И тогда он вспомнил все вчерашние события, которые имели место ровно после его возвращения. Он помнил, что, помимо радости от встречи с ним, она чувствовала страх. Она боялась каждый раз, когда он незаметно касался ее, словно таким образом он тревожил какие-то раны на ее теле, которые ему было не дано увидеть. Каждая частица его тела билась в агонии от того, как сильно он хотел обладать ей, но она, его жена, которую обычно мог распалить один лишь поцелуй в шею, немела под его прикосновениями. И это она называла «ничего необычного»?
Осознание едва не заставило его взвыть от бессилия.
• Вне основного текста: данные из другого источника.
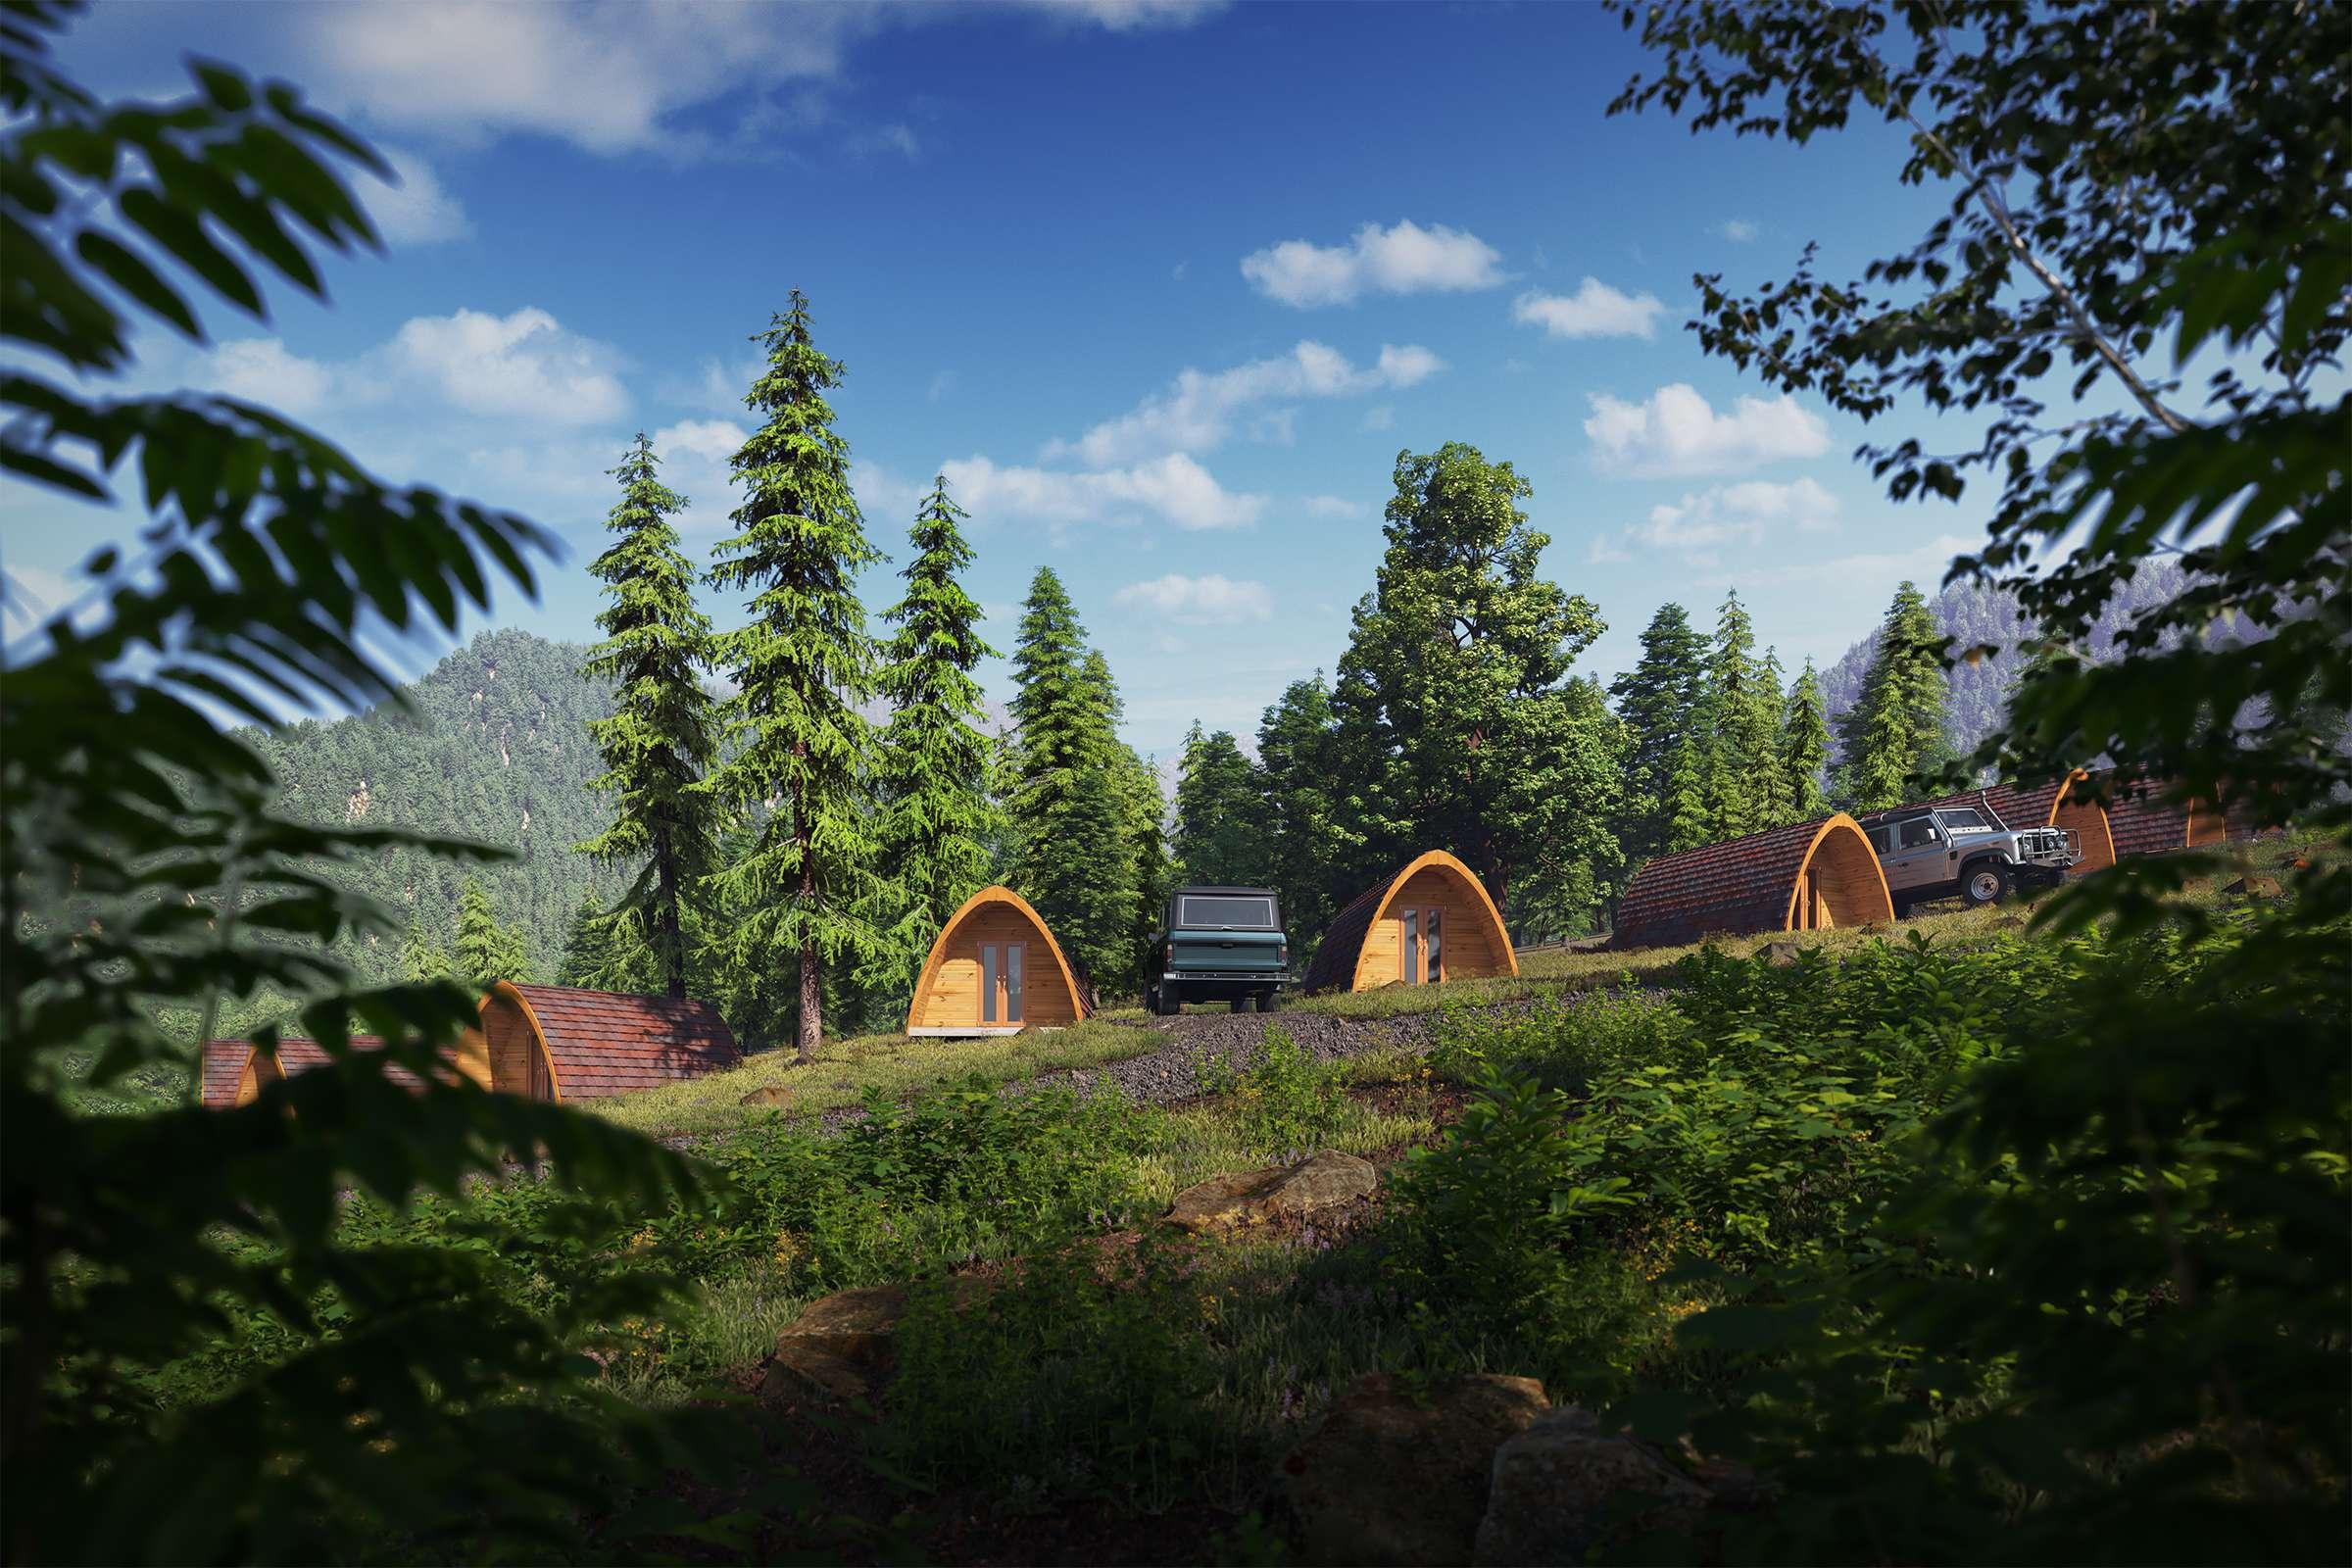 camping hut rendering

— Поэтому вчера, стоило мне произнести его имя, ты вдруг уходила в себя? Поэтому ты застывала каждый раз, когда я касался тебя? — Кэлен сделала шаг к нему, видя, что он был на пике своих эмоций. — Что произошло на самом деле?
— Ничего! — вновь заверила она его, невольно переходя на крик, чтобы он сумел услышать ее сквозь поток своих обвинений. Но он так и не поверил ей.
Они застыли, сверля друг друга испытующими взглядами. Холодный ум Ричарда окончательно уступил место горячим и неконтролируемым эмоциям, которые обжигали его виски изнутри. Ладонь Кэлен, которая легла на его щеку, показалась ему ледяной. Она опустила взгляд, медленно и судорожно вдыхая воздух в легкие.
— Нам нужно успокоиться… и забыть об этом, — предложила она, так и не подняв взгляд. Ей оставалось лишь надеяться, что ее волнение сможет уйти, не оставив за собой никаких последствий.
Ричард отвернулся. Его глаза застилала пелена слепой ярости. Что бы ни произошло между ними в той камере, оно все еще задевает Кэлен и не дает ей быть откровенной с ним. Но он понял, кто мог ответить ему. Только осознав это, мужчина повернулся на месте, намереваясь как можно скорее встретиться лицом к лицу с Исповедником.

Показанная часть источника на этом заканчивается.